Robo-advisers are struggling to find customers and one explanation is that people prefer the human touch when getting financial help.
But who are these humans we turn to for advice in understanding the complexities of investing, retirement and other matters? A new study from the industry consulting firm Dalbar Inc. shows that a lot of them are just salespeople, who want to sell mutual funds and guaranteed investment certificates.
Brilliant people – smart, prepared, sympathetic and insightful – work in the financial planning and the investment advice worlds. But they’re outnumbered by legions of people who either by personal choice or corporate edict have made it a priority to sell, not advise. Robo-advisers beat these product-sellers any day of the week, month or year.
For insights into what you’re getting when you see a human adviser, let’s take a look at Dalbar’s analysis of how major financial institutions serve people who want help with retirement planning. Dalbar had 192 mystery shoppers call their bank and ask for an appointment, which means the banks had the opportunity to put their best foot forward.
Royal Bank of Canada aced the test – 83 per cent of the mystery shoppers who went there for a retirement discussion saw someone with either the certified financial planner (CFP) or personal financial planner (PFP) designation. At the other four Big Five banks, only between 13 and 43 per cent of interactions were with a CFP or PFP.
If not an accredited planner, then who? “People who have the accreditation to sell mutual funds,” said Anita Lo, vice-president of the Canadian practice for Dalbar.
The relevance of proper planning accreditation is that it brings a higher level of customer satisfaction. RBC achieved an overall score of 80.3 per cent, compared with 70.2 per cent for the other Big Five banks.
You get a sense of how all the banks view people asking for help with retirement in looking at the kinds of documents they asked the mystery shoppers to bring with them to their in-branch consultations. Investment statements were requested 61 per cent of the time, while mortgage and credit card statements were requested just 12 to 8 per cent of the time, respectively.
If you’re heavily in debt, a good planner will tell you to hold up on investing and pay down your borrowings.
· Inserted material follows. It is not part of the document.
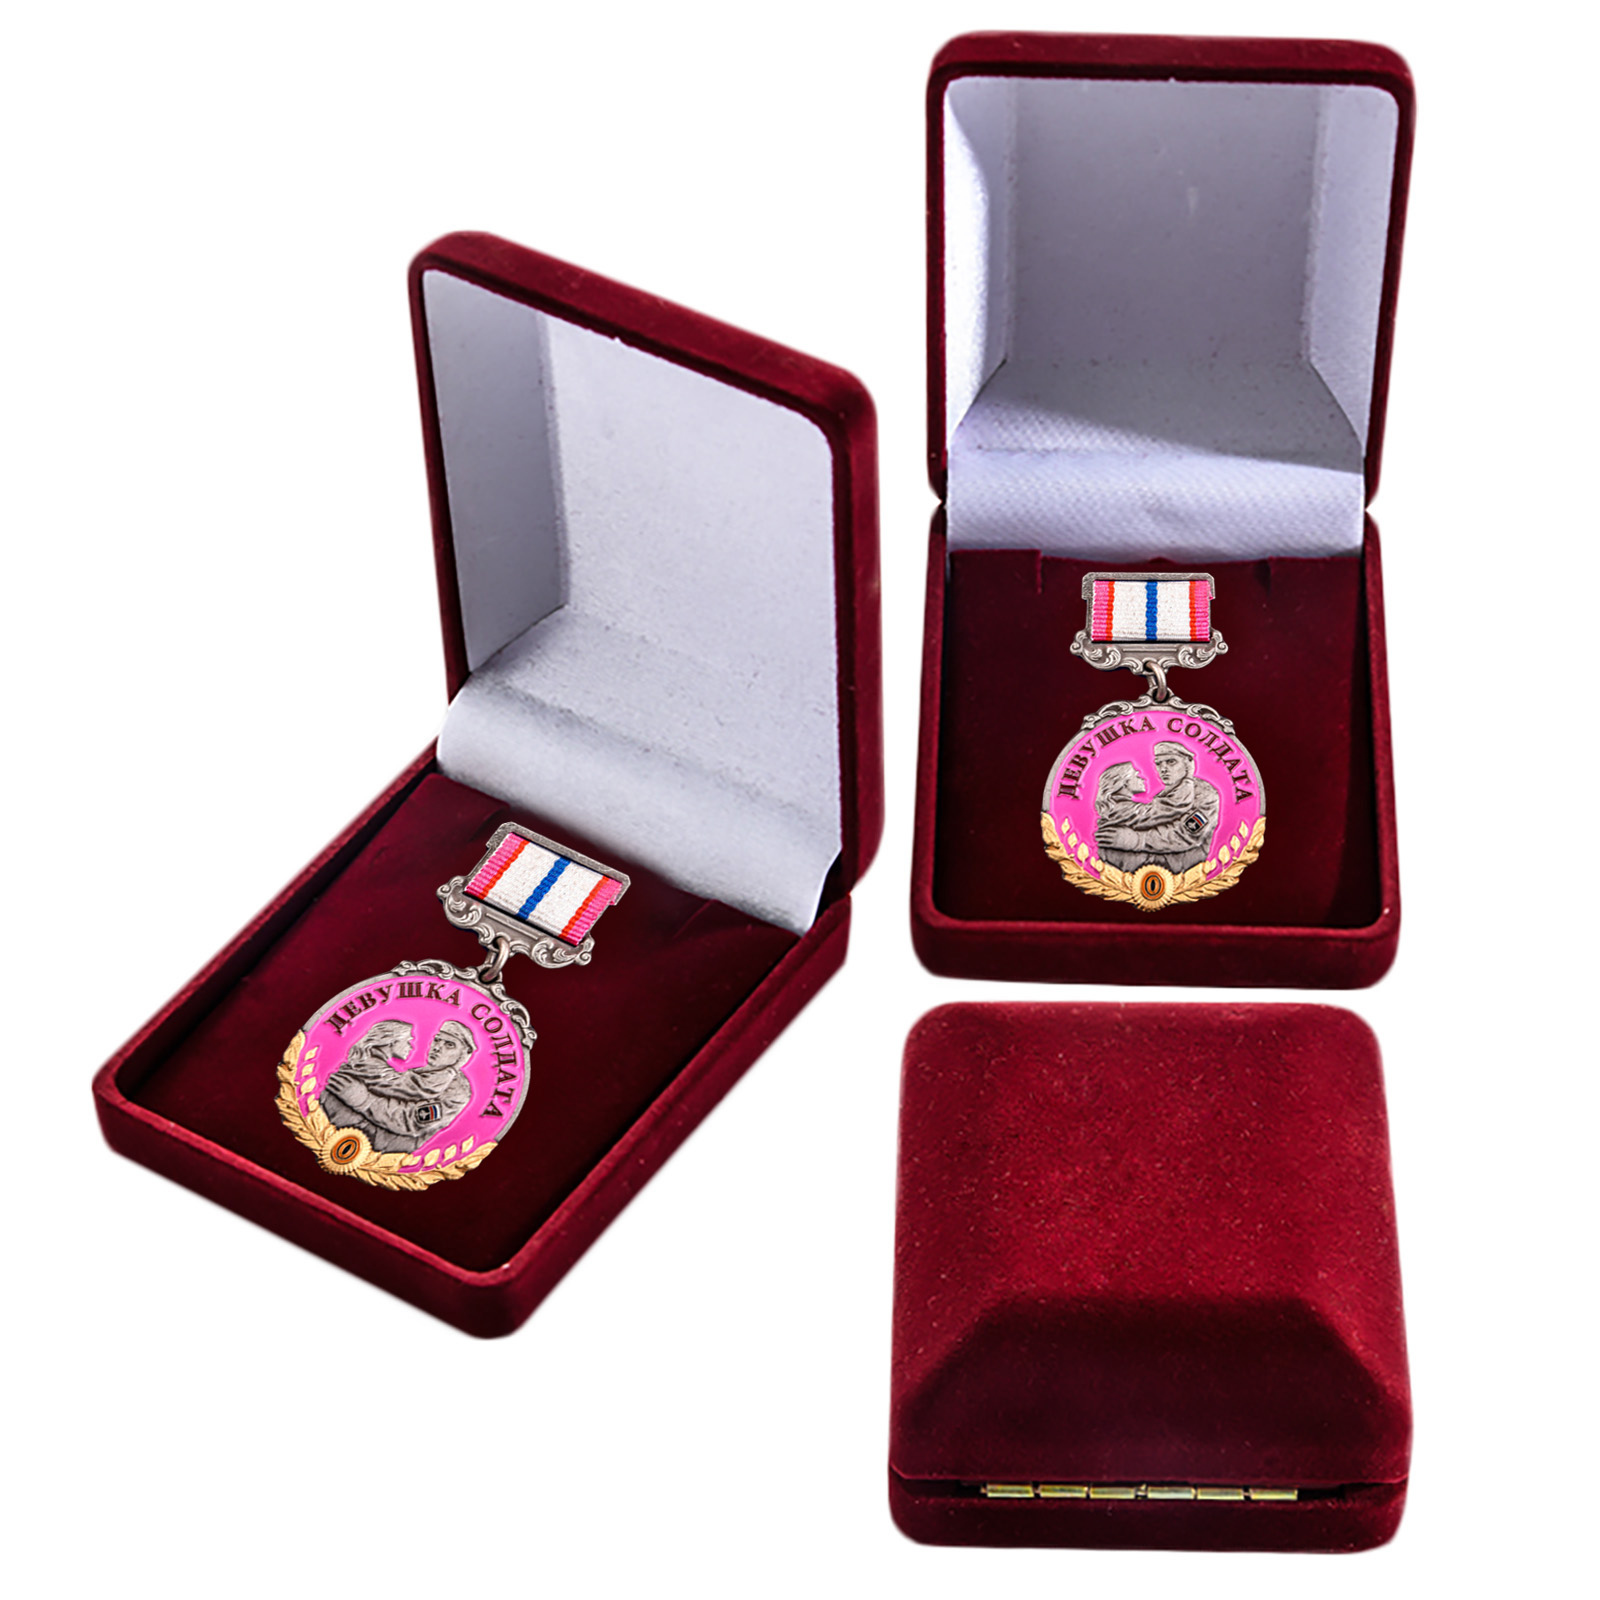 Купить латунную медаль За верность девушке солдата оптом или в розницу

Ms. Lo said some bank staff focused on investment statements so they could argue for money from other financial firms be transferred to their bank.
“With one or two institutions, they said, ‘Show me the money right now and once you move it over we’ll look at the whole pie,’ ” she said.
My colleagues Tim Kiladze and Clare O’Hara recently wrote about the problems that robo-advisers are having in building a profitable business. The economics of robo-advice are precarious because only a small number of people have been willing to give them a try. Robos collectively have $8-billion in assets, less than half the amount invested in just the RBC Canadian Dividend mutual fund alone.
Robos may also have been overhyped and need more time to build their franchise. Observers say the problem is that robos are struggling against the desire many people have to talk to real people about their money rather than using an interface that works primarily online. But even when it emphasizes advice over sales, the investment industry still effectively slights people of modest means to focus on high-net-worth accounts.
Robos are in no way a universal solution to your need for financial help. They aren’t generally geared to assess how ready you are for retirement, or if you should forget about investment this year and pound down your debts. But if you need help building an investment portfolio for a goal such as retirement, they are an excellent option.
Robos will design a portfolio for you and manage it on a continuing basis for between 0.25 per cent and 0.5 per cent of your account holdings. Robos generally use exchange-traded funds, which have minimal fees of their own. All in, you get a firm hand guiding your investments at a very reasonable cost.
Robos may some day add online financial planning to their répertoire. Meantime, you can partner your robo portfolio with a fee-for-service financial planner, who charges an hourly or flat rate and isn’t compensated through the sale of investment products or advice.
Or, you can always get some retirement help from your bank. Be sure to bring your investment statements when you go.